## Problem to solve
The answer must give back every line of the data exactly, with no pictures.

## Data
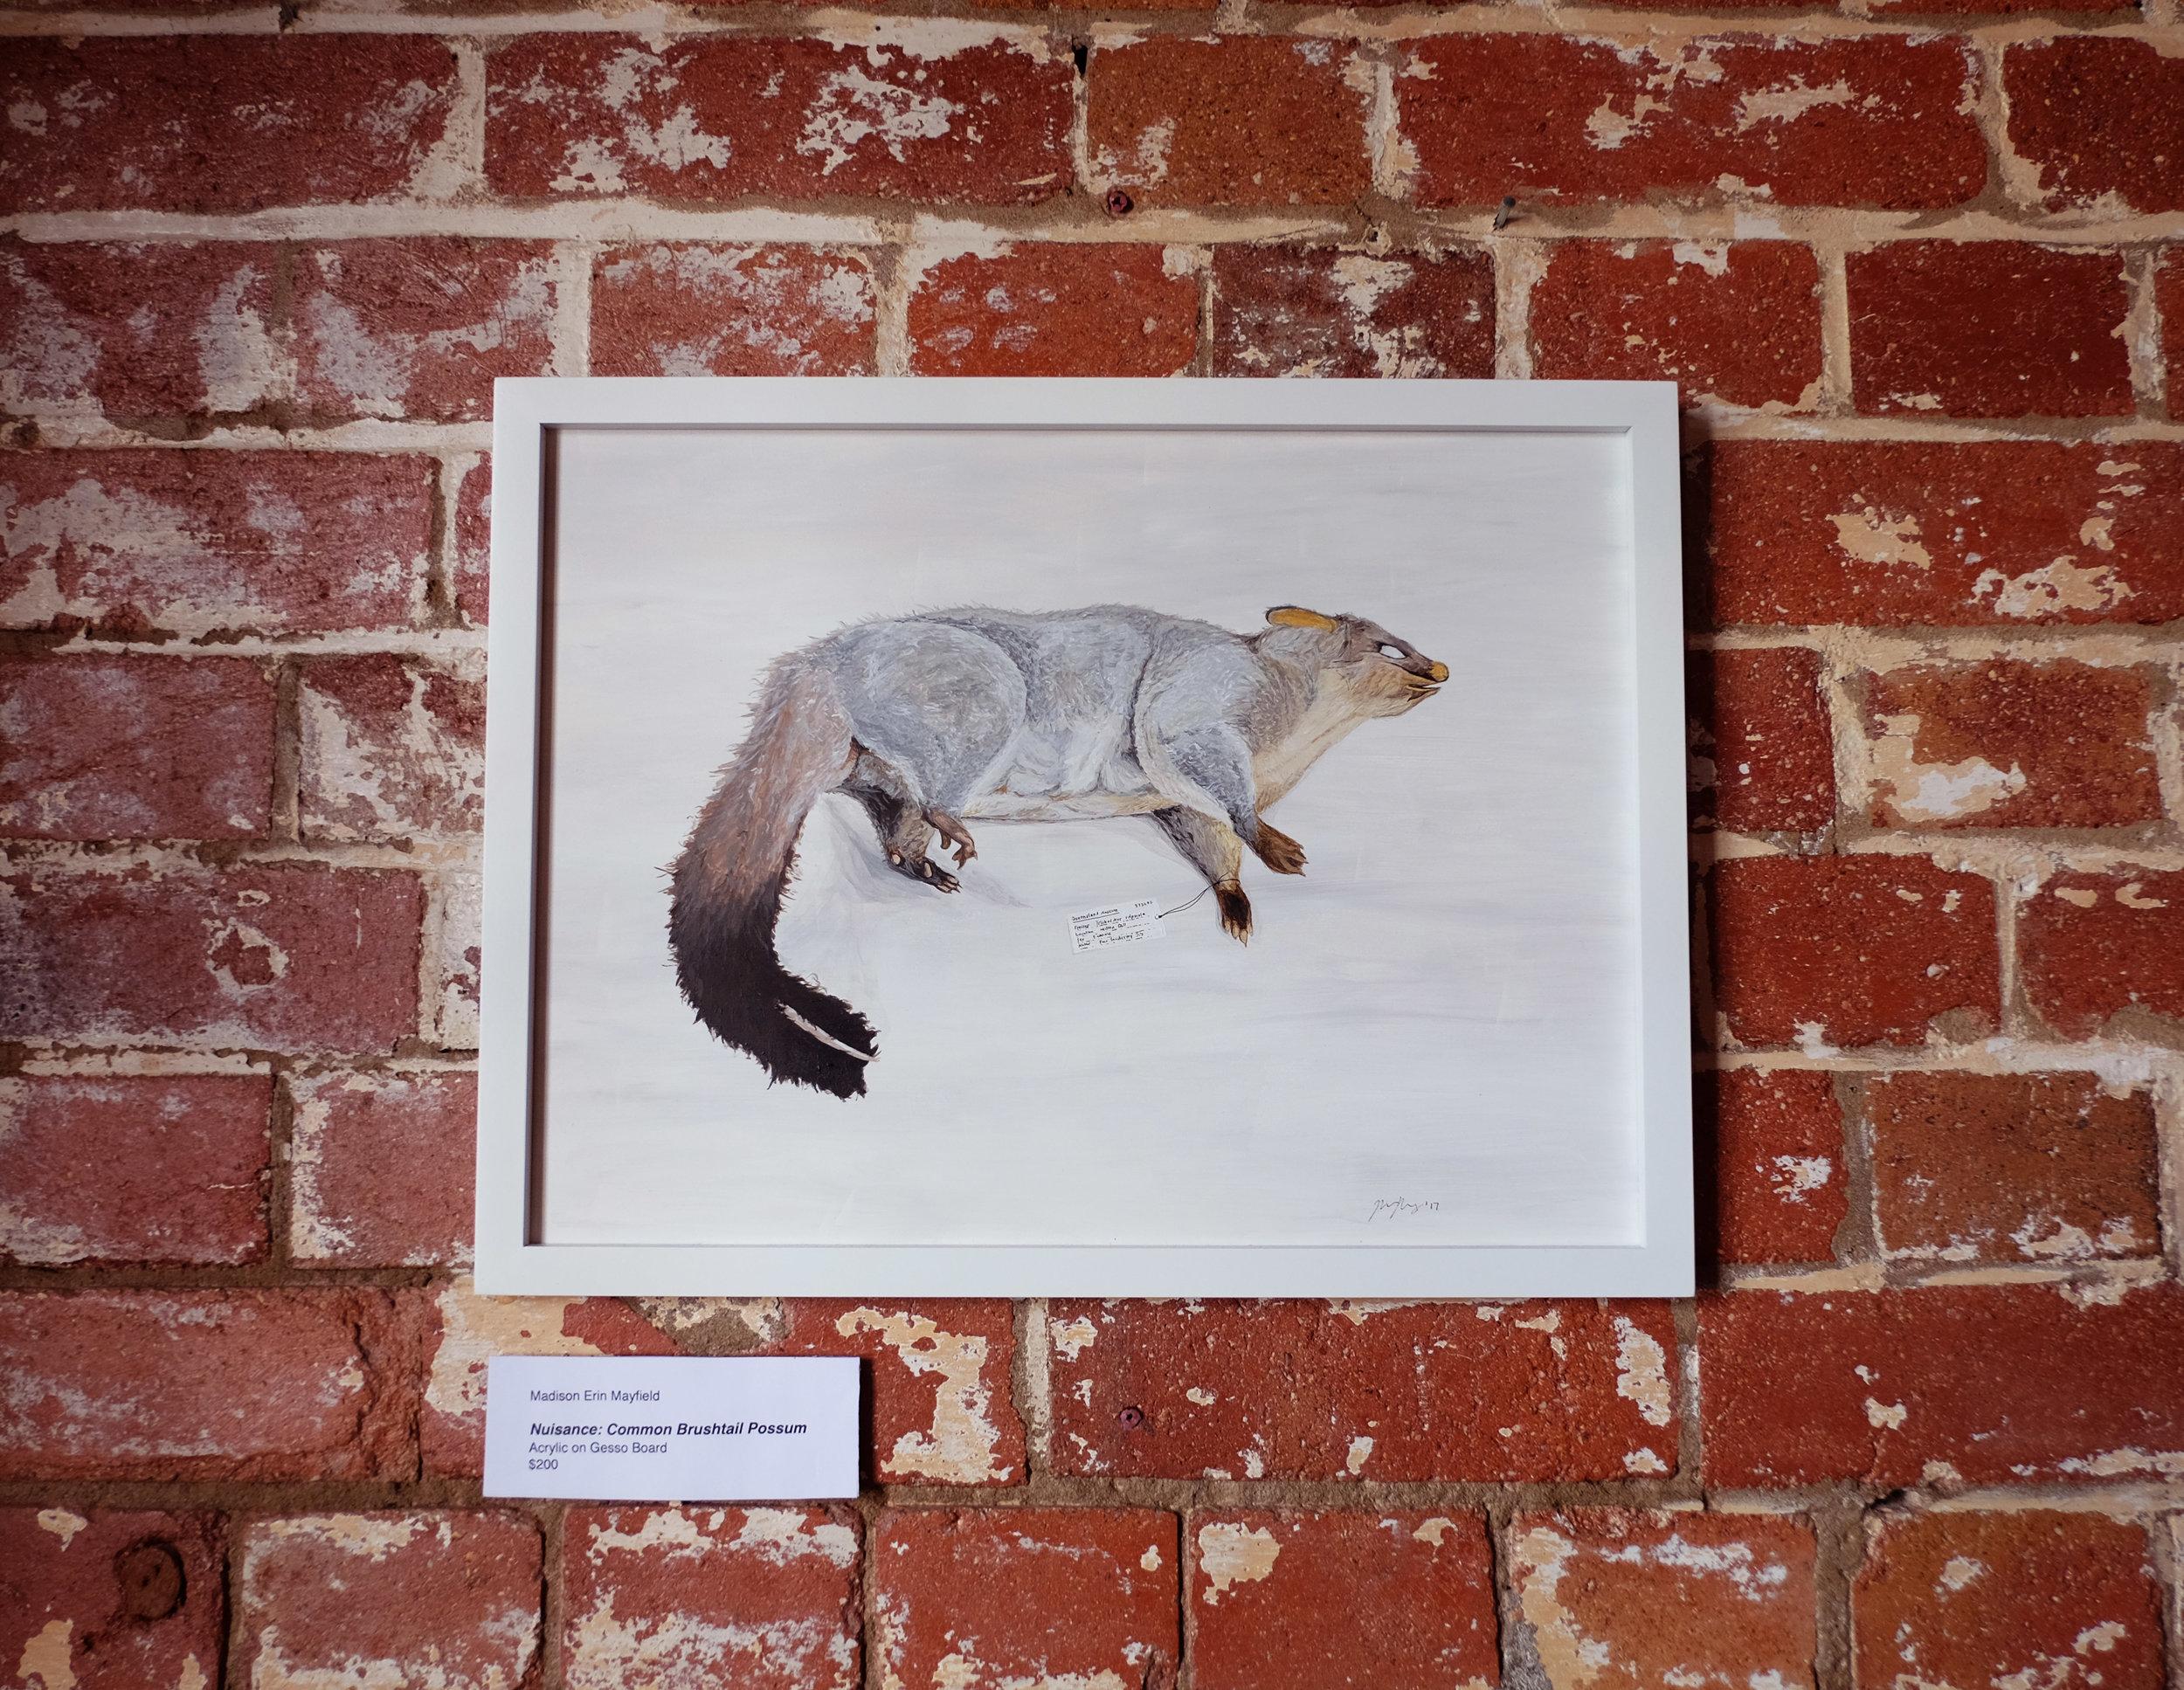 Scientific illustration of Australian possum by Madison Erin Mayfield
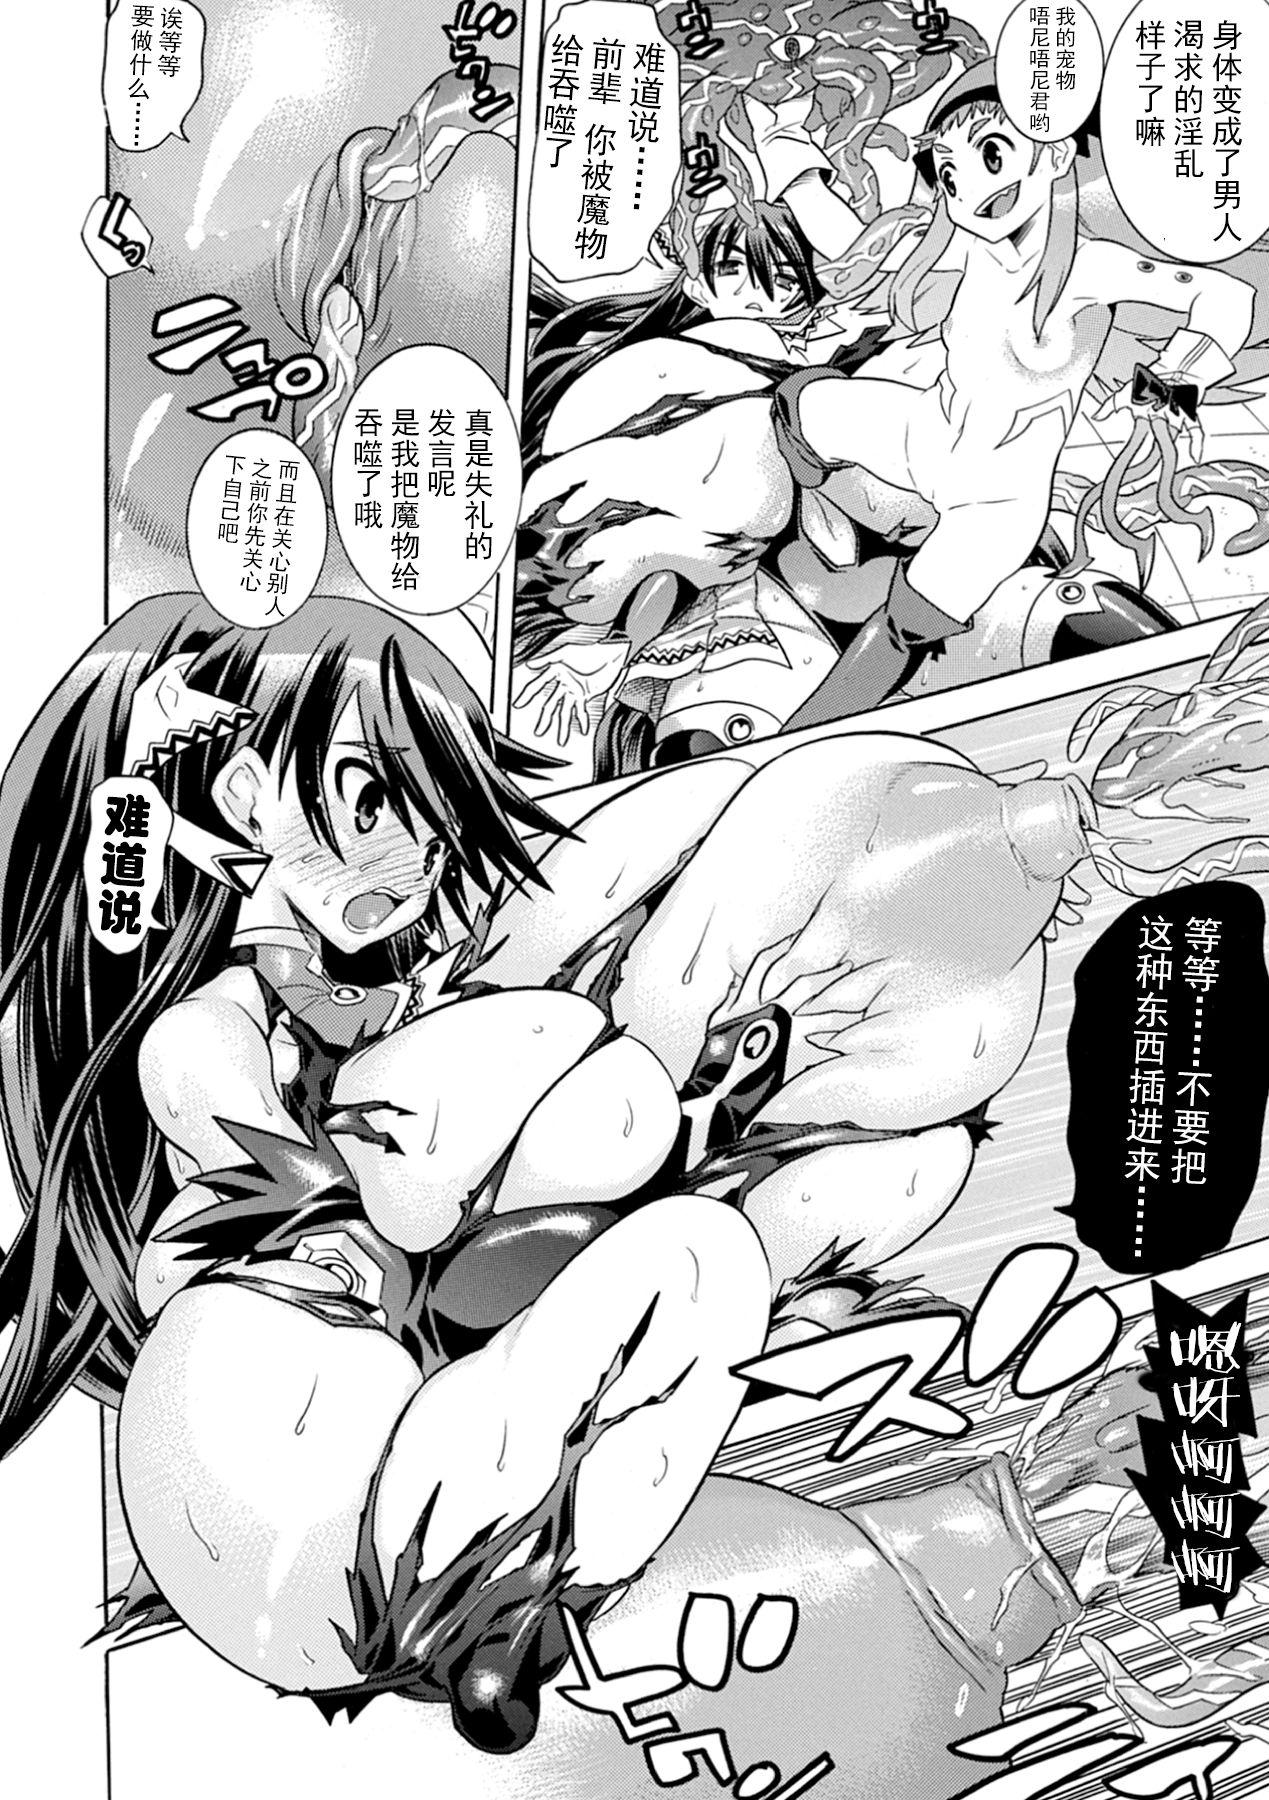 Jintai Kaizou Anthology Comics Vol. 1 32
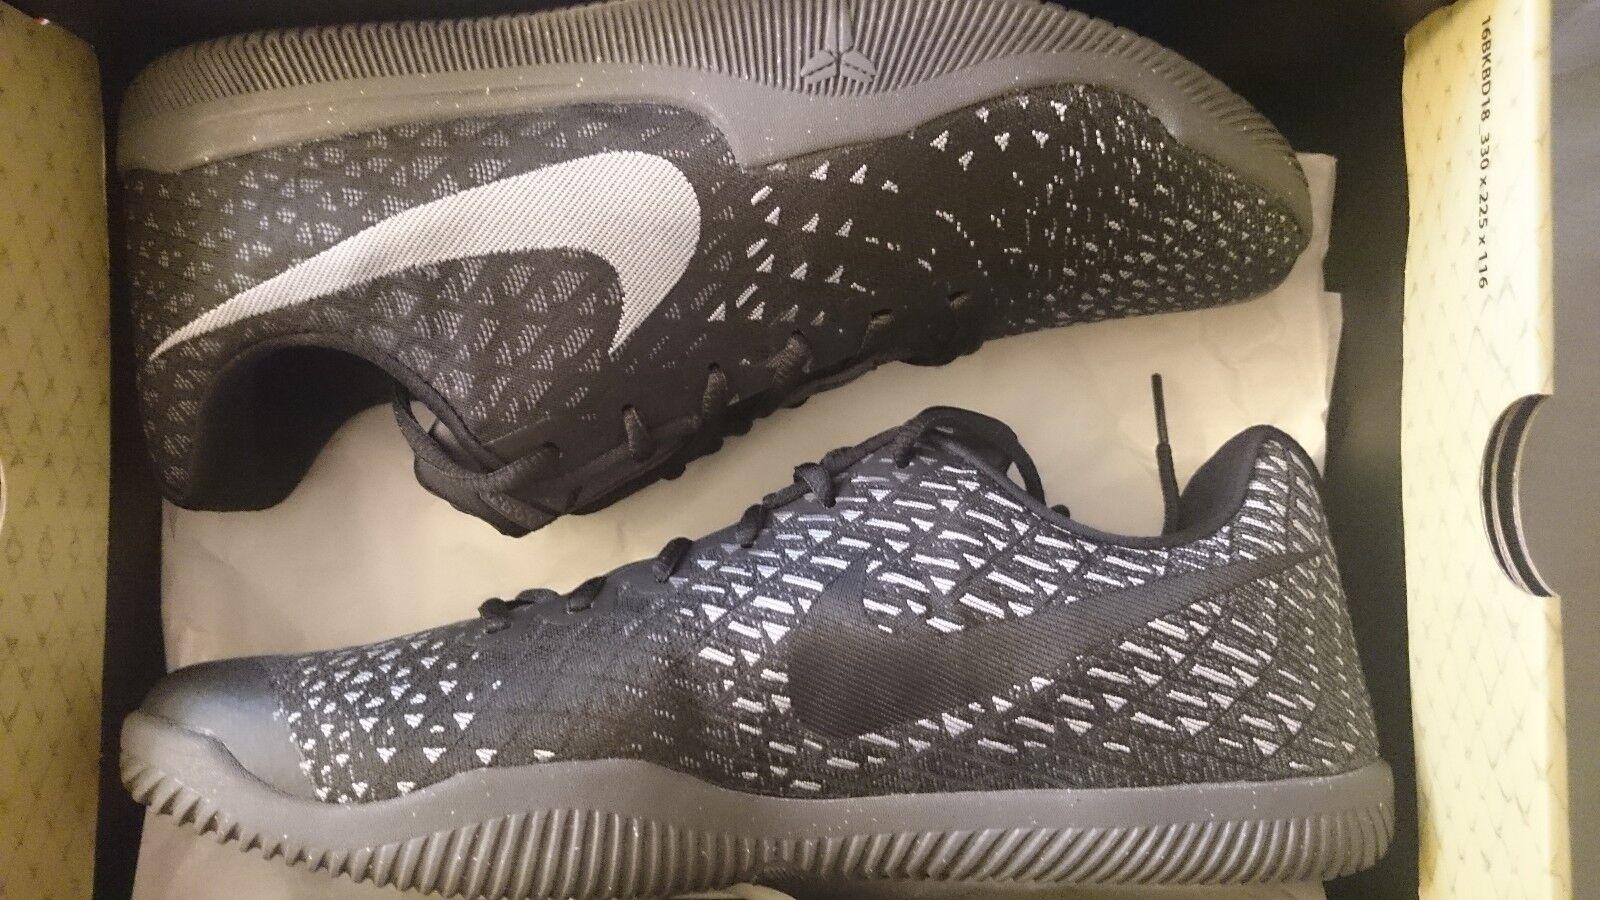 Nike Kobe Mamba Instinct black anthracite men's basketball shoe 852473 001 NEW

## Task answer
 Scientific illustration of Australian possum by Madison Erin Mayfield
 Jintai Kaizou Anthology Comics Vol. 1 32
 Nike Kobe Mamba Instinct black anthracite men's basketball shoe 852473 001 NEW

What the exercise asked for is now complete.